Though we certainly woke up sore from our previous day on Katahdin, the attraction of a well groomed trail and gentle grade could not be resisted. We made great time as we left the peak behind and made our way to the 100 mile wilderness; the longest section of the trail without any services or towns.
We took a couple detours to the little and big Niagra falls, both of which displayed an impressive amount of water. Around lunch time we arrived at Abol bridge; home of a little store and restaurant, the later of which was still closed for the season. We picked up a couple snacks for the wilderness and took a break in the shade with several other hikers.
After our pleasant break, we made a few more miles to the rainbow ledges. The granite cliffs peaked out just far enough above the trees to reveal an excellent view of the mountains in greater Maine. It was a dry camp full of mosquitoes, but the sunset was one of the best that we have had on this trail so far. Unable to drive a tent stake into granite bedrock, we only setup the mosquito net in hopes that it would not rain. Pray for the best and plan for the worst.
It was a warm night and the bugs never seemed to die down. But when all was said and done, it didn’t rain. The morning that followed was a hasty one, as we hurried to break down camp before getting eaten alive.

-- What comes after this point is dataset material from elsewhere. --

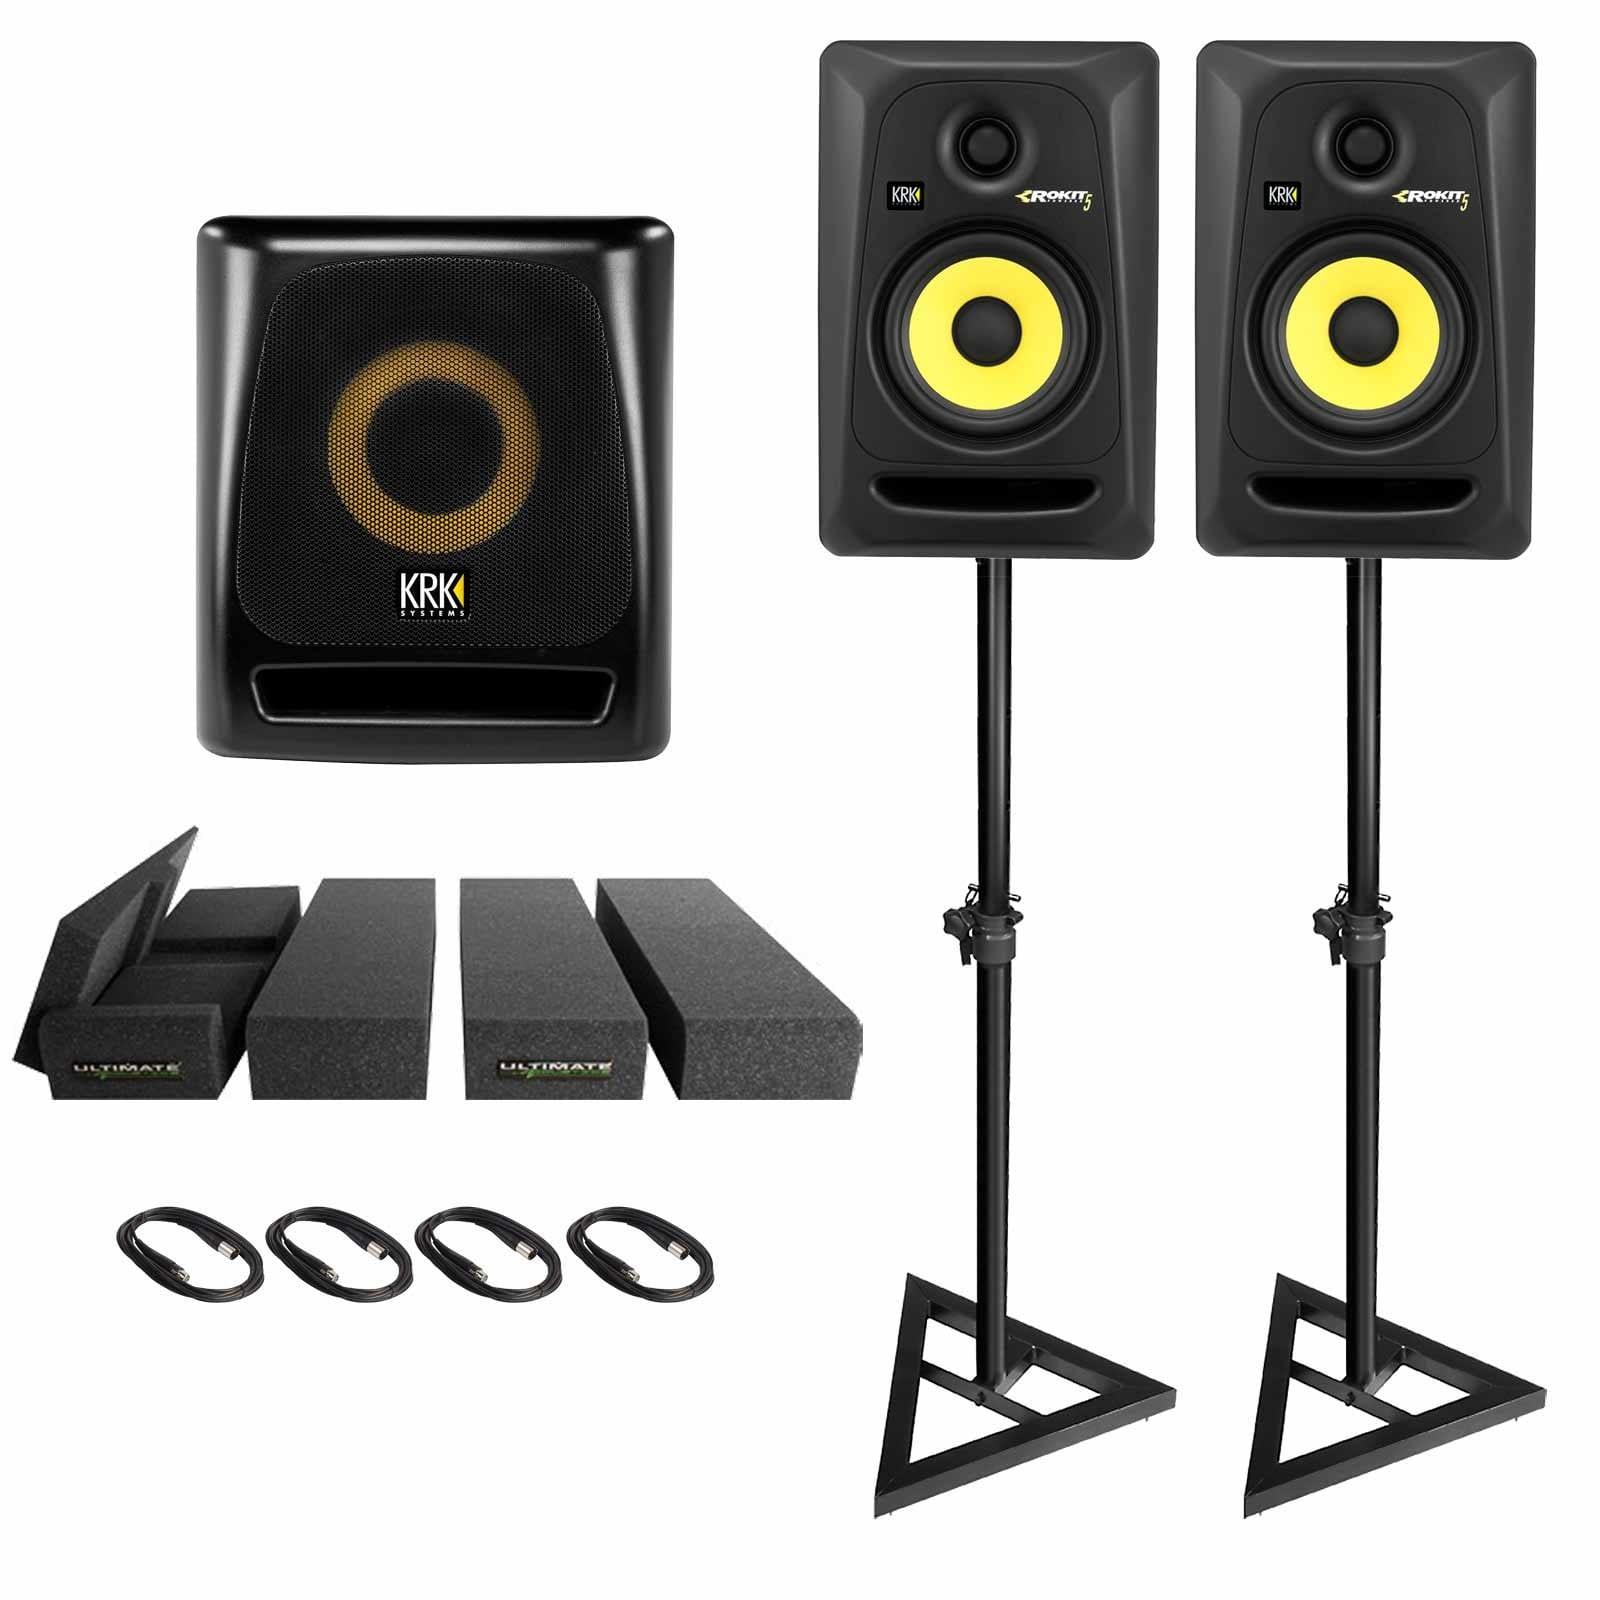 2-krk-rokit-5-g3-rp5g3-5-powered-studio-monitor-speakers-with-krk-8s2-v2-powered-8-studio-subwoofer-package-5b8

We descended the granite cliffs for the land of soil, and into the Rainbow lake basin. The lake was an enormous one, and it took us several hours to wrap around its south shore. Along the way we ran into a couple trail crews, and stopped for a break at one of the shelters on the shore.

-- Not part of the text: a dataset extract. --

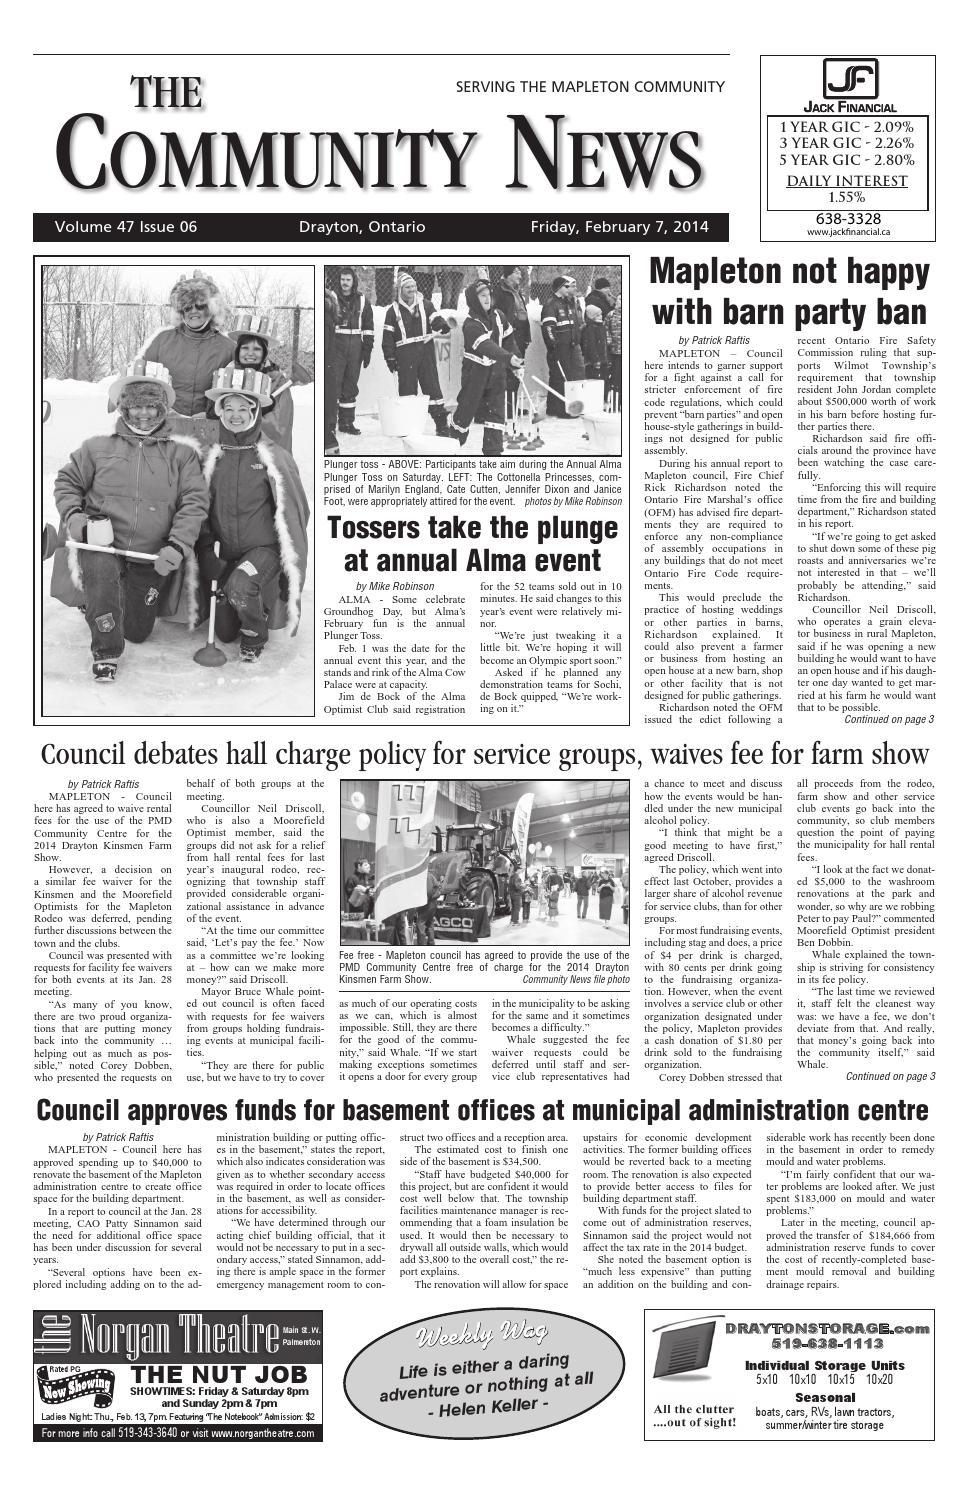 Drayton Community News February 7, 2014 by WHA Publications Ltd. - issuu

What we thought would be a gentle meander around Nahmakanta lake to finish off the day, turned into a much more difficult hike than we had anticipated. We summited Nesuntabunt, elevation 1500ft. We climbed and fell several more times before finally reaching our end point for the day- the shelter on Wadleigh stream.
Here we met a host of other south bounding hikers, including Rocknaps, not Trish, three hikers we’d been leap frogging all day: Ben, Jon and Kyle and several others. With everyone still fresh and shiny on the trail, we celebrated the comradry of the journey and the struggle we shared. As night fell, the conversation quieted, and after a few awkward minutes of silence, everyone conceded they were ready for bed. It was 9:00pm.

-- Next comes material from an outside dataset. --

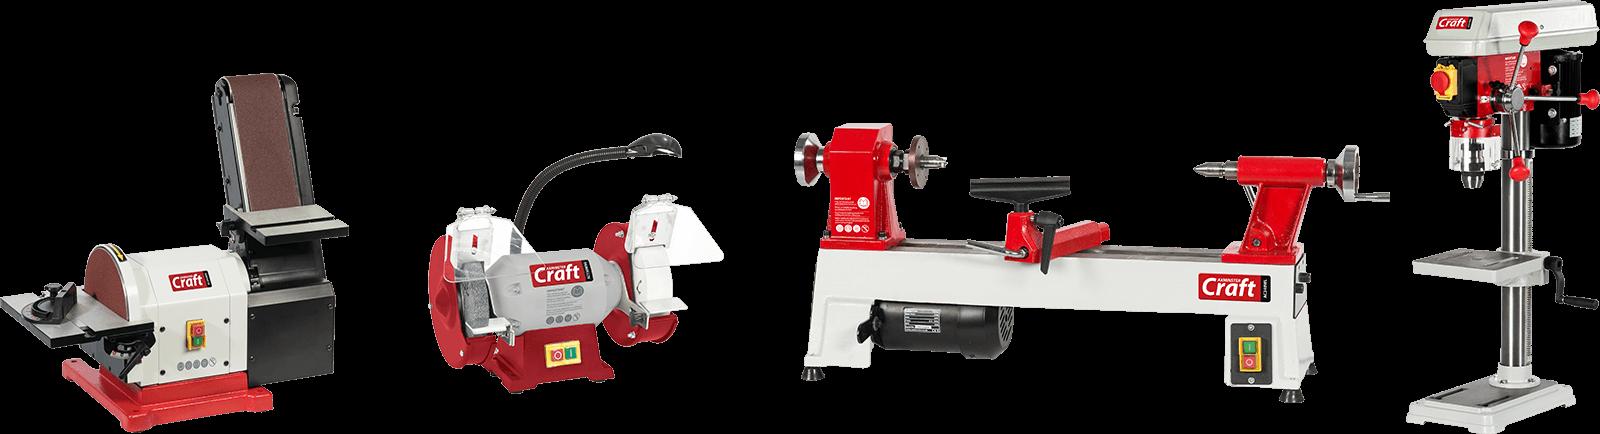 Axminster Craft machines

The hundred mile wilderness in its northern parts was relatively mellow; a few gentle climbs, a lot of mosquitos, swamps, and flowing creeks. Water was abundant all day, every day. We certainly have been enjoying the luxury of this happening, never carrying more than a liter at a time.
As we neared Joe Mary Lake, we found the best camp of the trail so far. With swimming and great views from the many well spaced camp spots – coupled with good company, one could almost forget that they were being prodded by a dozen different species of biting insects at any given moment.
The rain started as we wound down for the evening, and continued through the night. It was a light rain, that only lulled us to sleep harder, until it pooled on the tarp and began saturating our dry goods. Nonetheless we slept well, and were grateful to pack up when the rain faded away with the morning.
Our food at this point was beginning to run low, but our cache lay only 11 miles ahead, roughly in the middle of the wilderness. Determined to get to our resupply, as well as to make miles before the rain picked back up, we kept a mean pace. After 8 miles we took a break at the Cooper brook falls lean-to. While it was a beautiful shelter overlooking the white water, so far we were still dry and had 3 miles left to our cache. Moreover, my head net disappeared at our last camp, leaving me vulnerable to the insects when we stopped moving. This in itself was the best motivation to always keep hiking.
Before long we came to the place in the woods where our pre-arranged cache lie in hiding. We tore into the 5 gallon bucket like wolves, and immediately began to sample the goods. Oreos never tasted so good. Christmas in the backcountry part II.
The rain continued to hold off, but never gave an indication as to when that might change. So we hiked another 5 miles to the south branch of the pleasant river lean-to in the best time we could. We met a couple of other south bounders here (sobos), Genie and Jake. They continued on their way just as the rain began to pick up, and for a while we had the shelter to ourselves. Rain is so much more pleasant when you are watching it from the inside of a large shelter. Here we spent the night, as the rain only pored down harder outside.
Planning on only hiking 11 miles today, we took our time waking up and enjoyed our time in the shelter as the last of the rain passed over. Ben, Jon and Kyle joined us as we slowly made our way out of camp in the morning, headed for the first big climb since Katahdin – White Cap Mtn.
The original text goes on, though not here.